The lifeguard can see this most clearly:
We are drifting away I am losing you my
friend watching you dissolve in layered silt
brown arms out beyond a safe depth

laughter I hear in broken stripes
I cannot follow cannot distinguish
the movement of the ocean
toward me from your movement away

You can always count on a Bad Poet to bludgeon the obvious metaphors, the blood oranges, the Indian summers, the barren orchards, and yes, the riptide. Dostoevsky said, “It’s all like the ocean!” Which is classic Dostoevsky: totally vague! The guy probably never even lived in Miami Beach. Whereas I (the Bad Poet) spent four years there, watching that lovely Alta kaker slum transformed into a late-model capitalist playground. If you’re wondering where all the dumb cocaine-and-modeling money went during the early Nineties, I believe I’ve found your culprit.

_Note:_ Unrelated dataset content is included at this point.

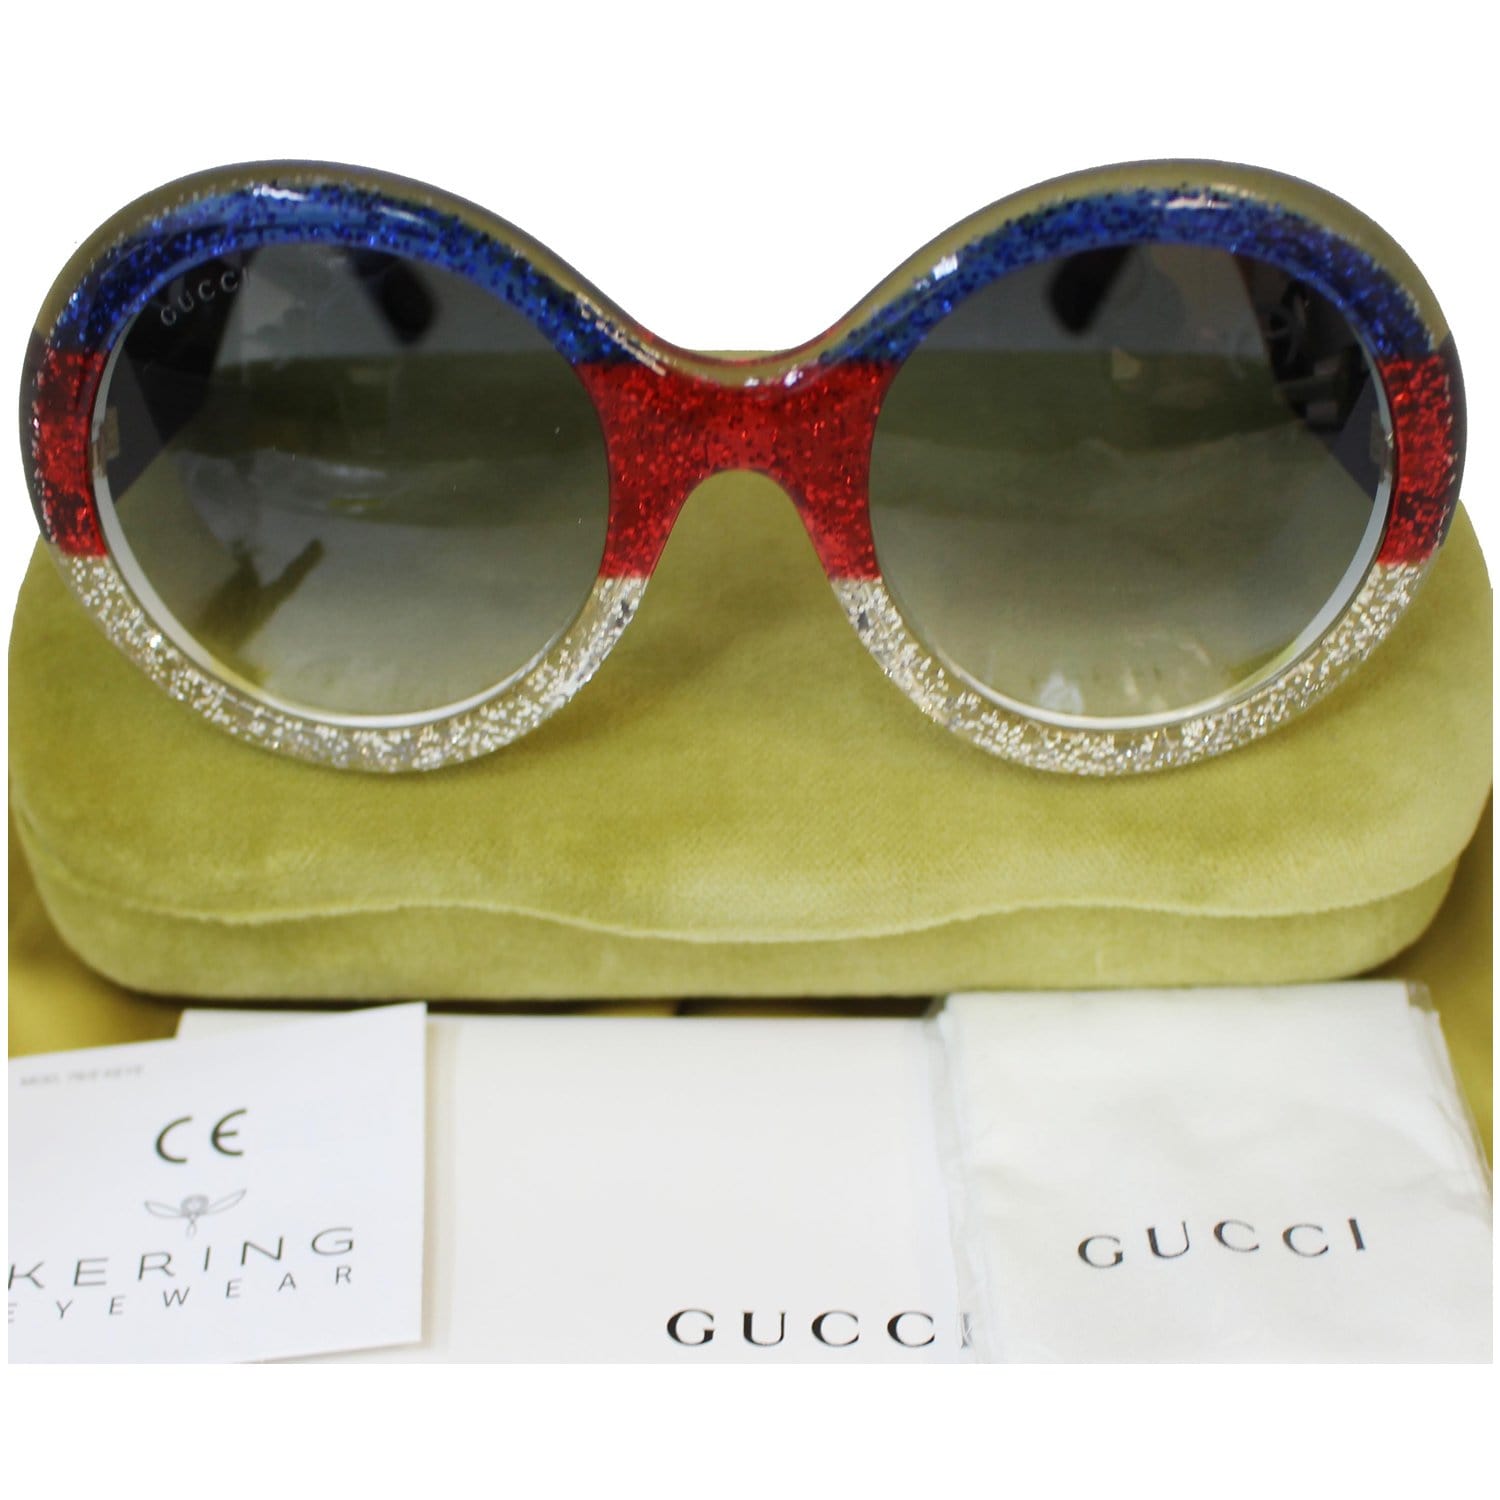 Gucci  Kering Eyewear

The only saving grave of that place was the Atlantic, in which basically nobody swam, other than me and Pat Flood. We targeted the buoy at Fourteenth Street for the simple reason that this was the gay part of the beach, ergo where the models and other sullen European women sunbathed topless.

At a certain point, deep into the homoerotic tangle of our friendship, we began swimming buoys at dusk. We’d get stoned to the point of blunt force trauma, then thrash our way through the waves to the pale bobbing cock-shaped buoy – it was about 200 yards from the shore, a distance we routinely estimated at “a mile or so” for whomever might want to know. Then we turned around and dog paddled back and staggered onto the beach to examine our puny musculature. Then it was on to Puerto Sagua, the Cuban place at Collins and Seventh, where we’d eat the bistec de palomilla slathered in onions and enough French fries to kill a drill sergeant.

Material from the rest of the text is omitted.